Burada felsefik toplantılar düzenlenir,
insanlar değişik konularda fikirlerini tartışır, ufuklarını yeniler. Aynı
zamanda atölyeler vardır, salonlarda sergiyi gezen öğrenciler, akıllarında
kalanı kağıda yansıtırlar. Bir yandan sanatçının düşüncesini, bir yandan da
sanatını yaşayarak öğrenmeye çalışırlar.
Kapalıyol’da mola vermek için benim hoşuma
giden bir “cafe” barındırıyor içerisinde. Az daha Antalyalılar sahip çıksa, az
daha sürkilasyon olsa tadına doyulmayacak ama olmuyor işte. “Yemen Kahvesi” ni
“Starbucks” karşısında “yerel” diye yutturmaya çalışanların memleketinde bu iş
o kadar kolay değil.
Madem kültür dedik, o zaman bakın
önümüzdeki süreçte ne gibi kültürel etkinlikler varmış:
“Fotoğrafın Düşünsel Pratikleri” Yani fotoğraf hakkında her şey. 10 hafta
sürecek. Bunun yanında bir de “belgesel fotoğraf atölyesi” var.
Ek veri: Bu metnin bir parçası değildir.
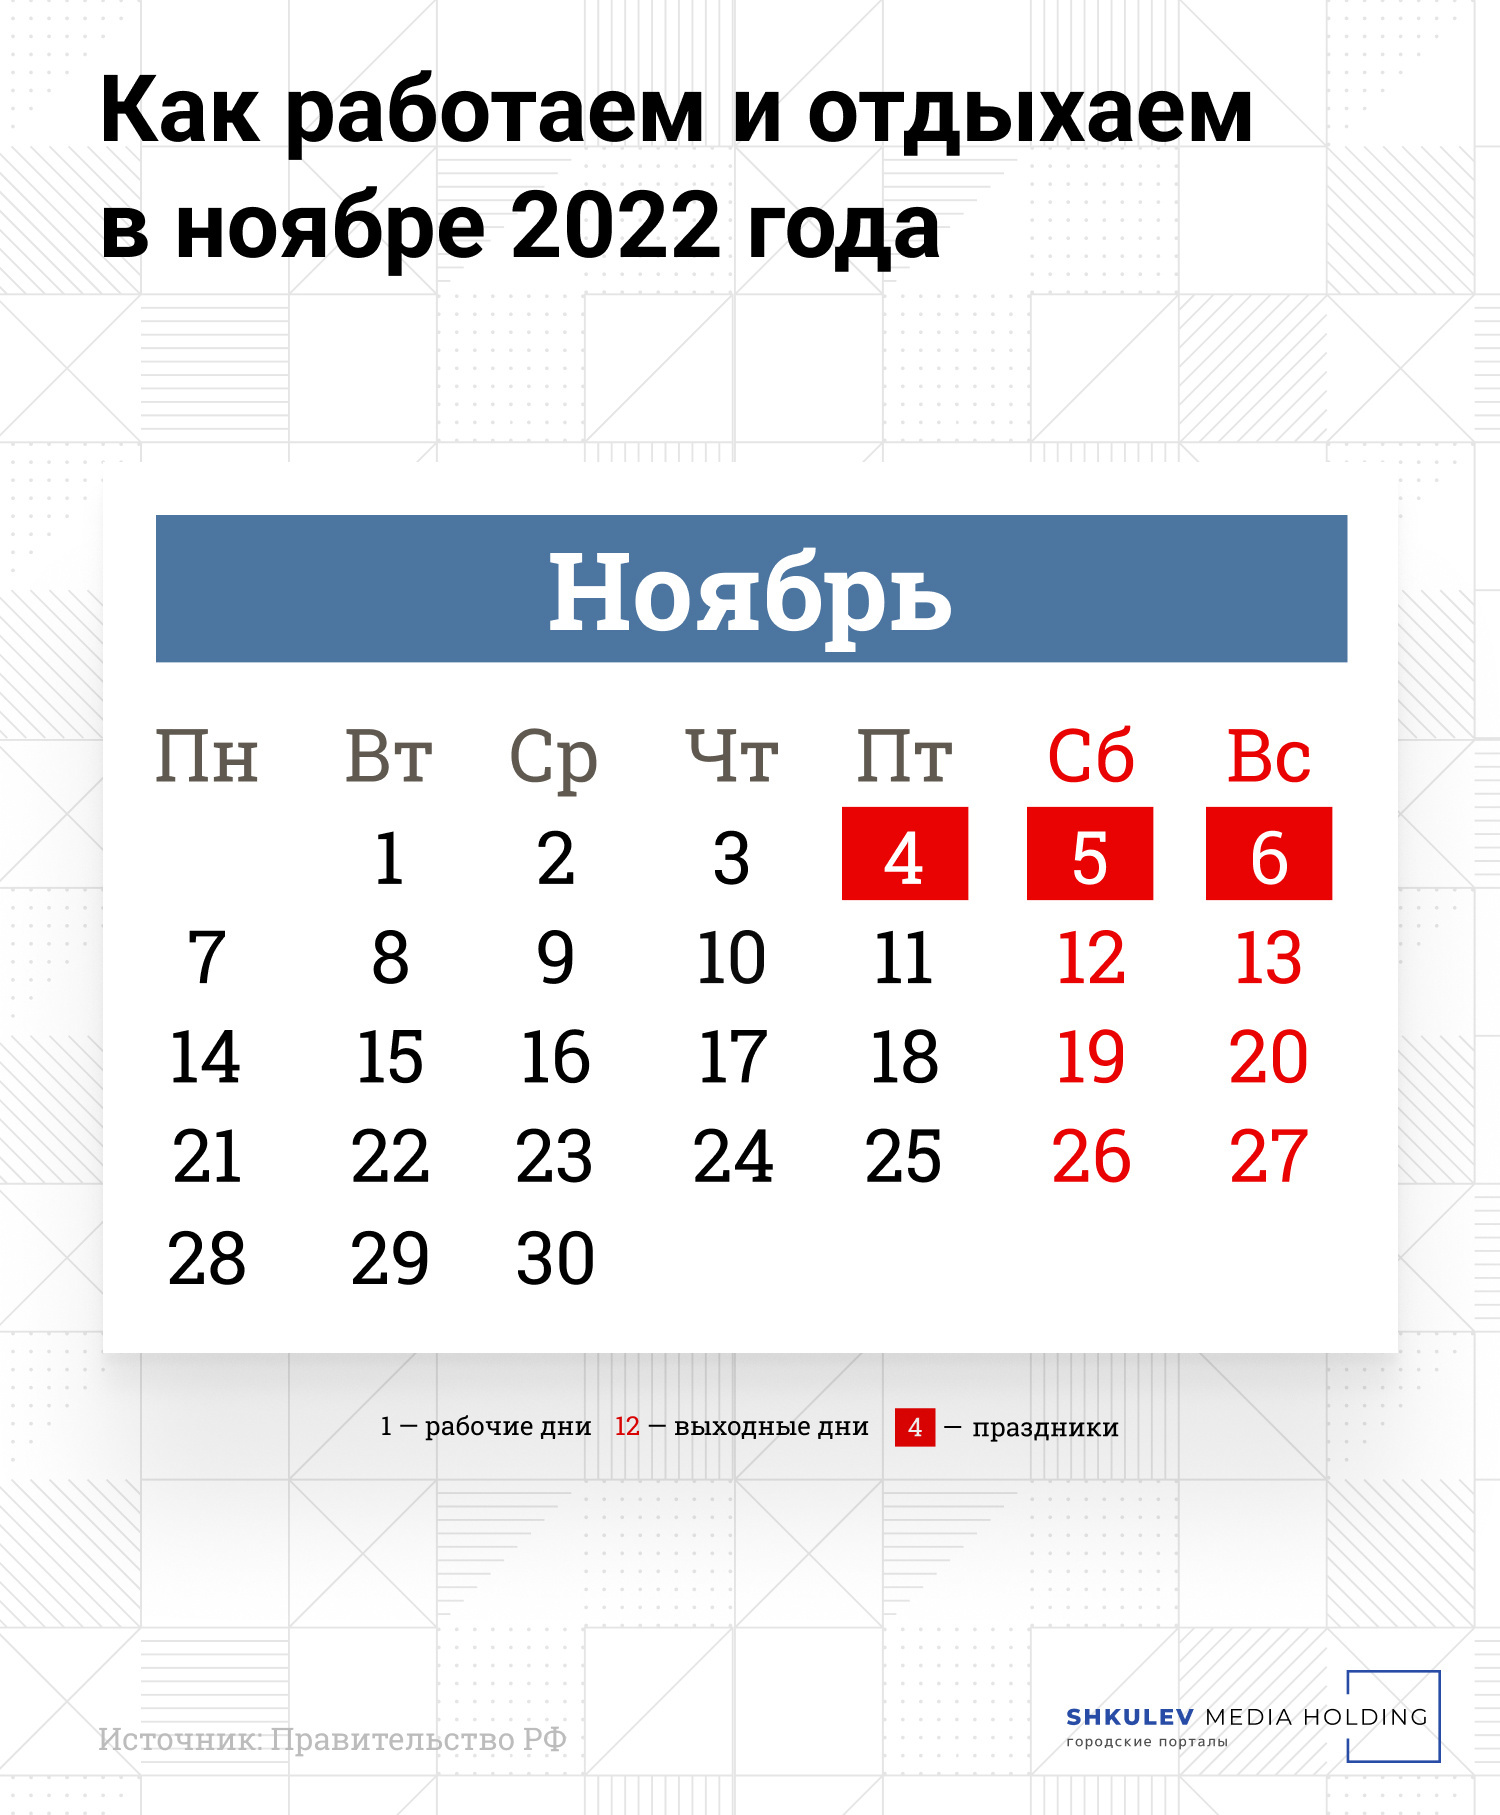 Новые законы с 1 ноября 2022 года в России: обзор и последствия

Bakın bunu önemsiyorum. “Sanat Eseri
Çözümlemeleri”
Program kapsamında sanat eserleri;
sosyolojik, felsefi, siyasi, psikolojik içerikleri ile incelenecektir. Bu
programın en önemli amacı; sanat eserlerinin ikonografik çözümlemelerinin
gerçekleştirilmesi ile yapıt içeriklerinin ve estetik niteliklerinin
tartışılmasını sağlamaktır.
“Varoluş Mektebi”
Bu bir felsefe buluşması. Çok isteyip bir
türlü dahil olamadığım etkinliklerden biri. Ne mi var? Şöyle özetlenmiş.
Tanışma Toplantısı: Kahve -taze çekilmiş,
iyi- eşliğinde, felsefe ve sanat üzerine geyik muhabbeti
3 başlık daha var. “Herkes için Çağdaş
sanat” ,“Herkes için Avrupa Sanatı” “Herkes için Türkiye’de modern sanat.”
“Zamanın sessiz tanıkları” Türk resminde
portre ve otoportre resim sergisi 6 Ekim’de açılıyor.(Demek ki 5 Ekim’de Davut
Çetin Başkanla kahve içebileceğiz.)
İnsan daha geniş yazmak istiyor. Ama
siyasilerin kahve içmeye zamanı, bizimse daha fazla yazmaya yerimiz yok.